Eliminating these new programs from next year’s budget helped the council close a late-breaking general-fund budget shortfall of $4.5 million, on top of the $141 million shortfall announced earlier this year.
Nelson and Pedersen also objected to the council’s decision to eliminate, or abrogate, 80 of the 240 SPD positions that are currently sitting vacant; these vacant positions, which the city will use to augment the budget and fund new SPD spending next year, receive funding every budget cycle. The council’s budget will retain funding for at least 160 of these “ghost” positions going forward, and can add more positions in the future if SPD hiring suddenly skyrockets past the department’s own rather optimistic projections. Nonetheless, both Pedersen and Nelson have characterized this as an example of “defunding” the police.

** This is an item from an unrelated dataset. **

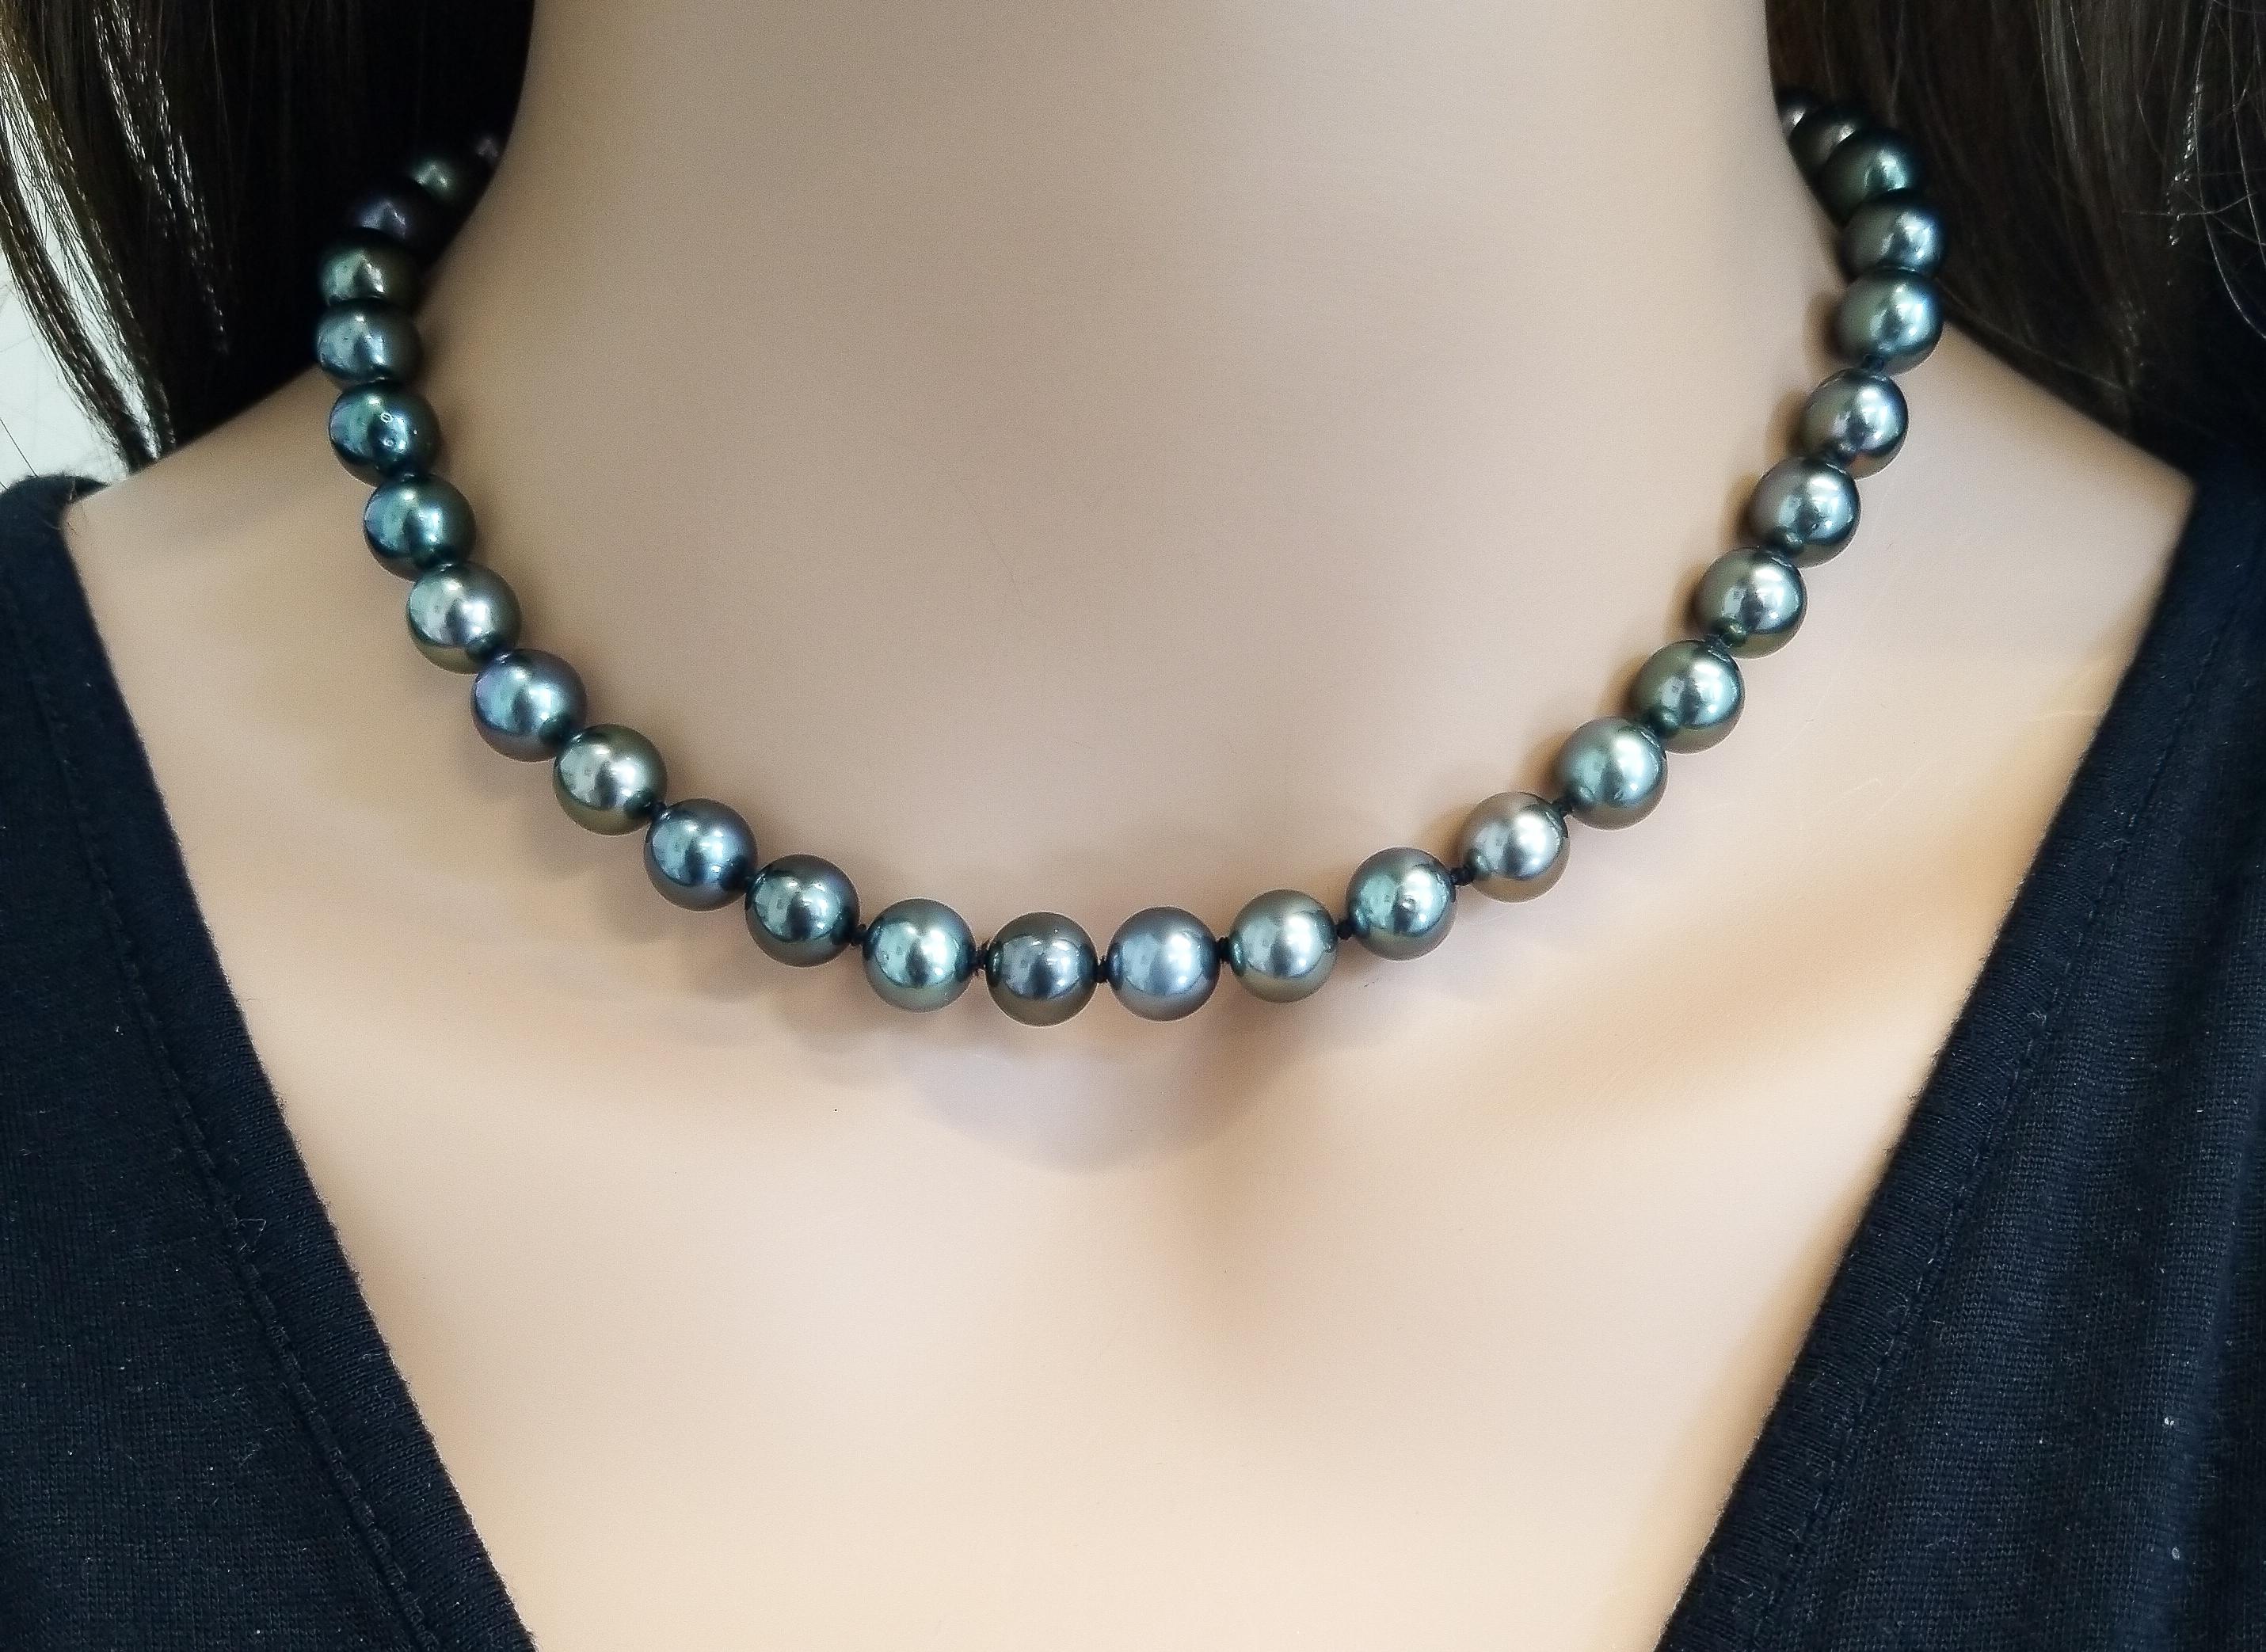 This necklace sets you apart from the crowd! It is brimming with style, elegance, and timeless sophistication. This extravagant Tahitian black pearl and diamond necklace delivers on panache and complexity and fastens securely with a 14 Karat diamond

Nelson also criticized the council for failing to fund an expansion of the city’s graffiti abatement program and for moving homeless outreach workers out of Harrell’s new Unified Care Team (which the council fully funded) and into the King County Regional Homelessness Authority.
The two council members’ votes against the budget seem even less justified when you consider the concessions the rest of the council made to fund their priorities.
Nelson, for example, got unanimous approval for a last-minute amendment that commits the city to spend some of the proceeds from a recent settlement with opioid distributors on abstinence-based rehab, marking the city’s first foray into the kind of public health decisions that are usually made by King County’s public health department.
Nelson was elected last year, and is staking out a position on the budget every bit as absolutist as Sawant’s: If the rest of the council doesn’t support her specific priorities, she’ll vote to reject the city’s budget wholesale.
In an op/ed earlier this year, Nelson expressed her view that medication-assisted treatment, such as the use of suboxone (an opioid) to treat opiate addiction, is “not aimed at long-term recovery.” This is the opposite of scientific consensus (the federal government’s substance abuse agency, for example, has a far more expansive definition of recovery that embraces long-term medication), but in line with Nelson’s general opposition to harm reduction programs— like the Public Defender Association’s LEAD and Co-LEAD programs, which provide case management and housing to people with addiction and other behavioral health issues.
Pedersen, meanwhile, managed to wrangle $3.5 million a year for bridge maintenance out of the Seattle Transportation Benefit District tax, which is supposed to fund transit, by arguing that because buses and bikes also use bridges, funding for bridges is a transit investment. That amendment passed 5-4—a major win for Pedersen at the expense of future transit projects.
Nelson was elected last year, and is staking out a position on the budget every bit as absolutist as Sawant’s: If the rest of the council doesn’t support her specific priorities, she’ll vote to reject the city’s budget wholesale. Time will tell if she continues down this all-or-nothing path.
Pedersen, in contrast, has apparently had a dramatic change of heart. Just two years ago, Pedersen wrote in a Seattle Times op/ed that it would be irresponsible for him to vote against the 2020 budget—which included far more dramatic changes than this year’s plan—just because he didn’t like everything that was in it.
“People are yearning for functional government. If the budget does not pass, nothing gets done,” Pedersen wrote. “No budget is perfect. Our constituents have diverse and conflicting views. A budget with positives and negatives is a natural result.”
“And to my constituents who ask, ‘Why did you vote the same way as Kshama Sawant?,” Pedersen concluded,
“I didn’t. She voted No.” This year, so did Pedersen.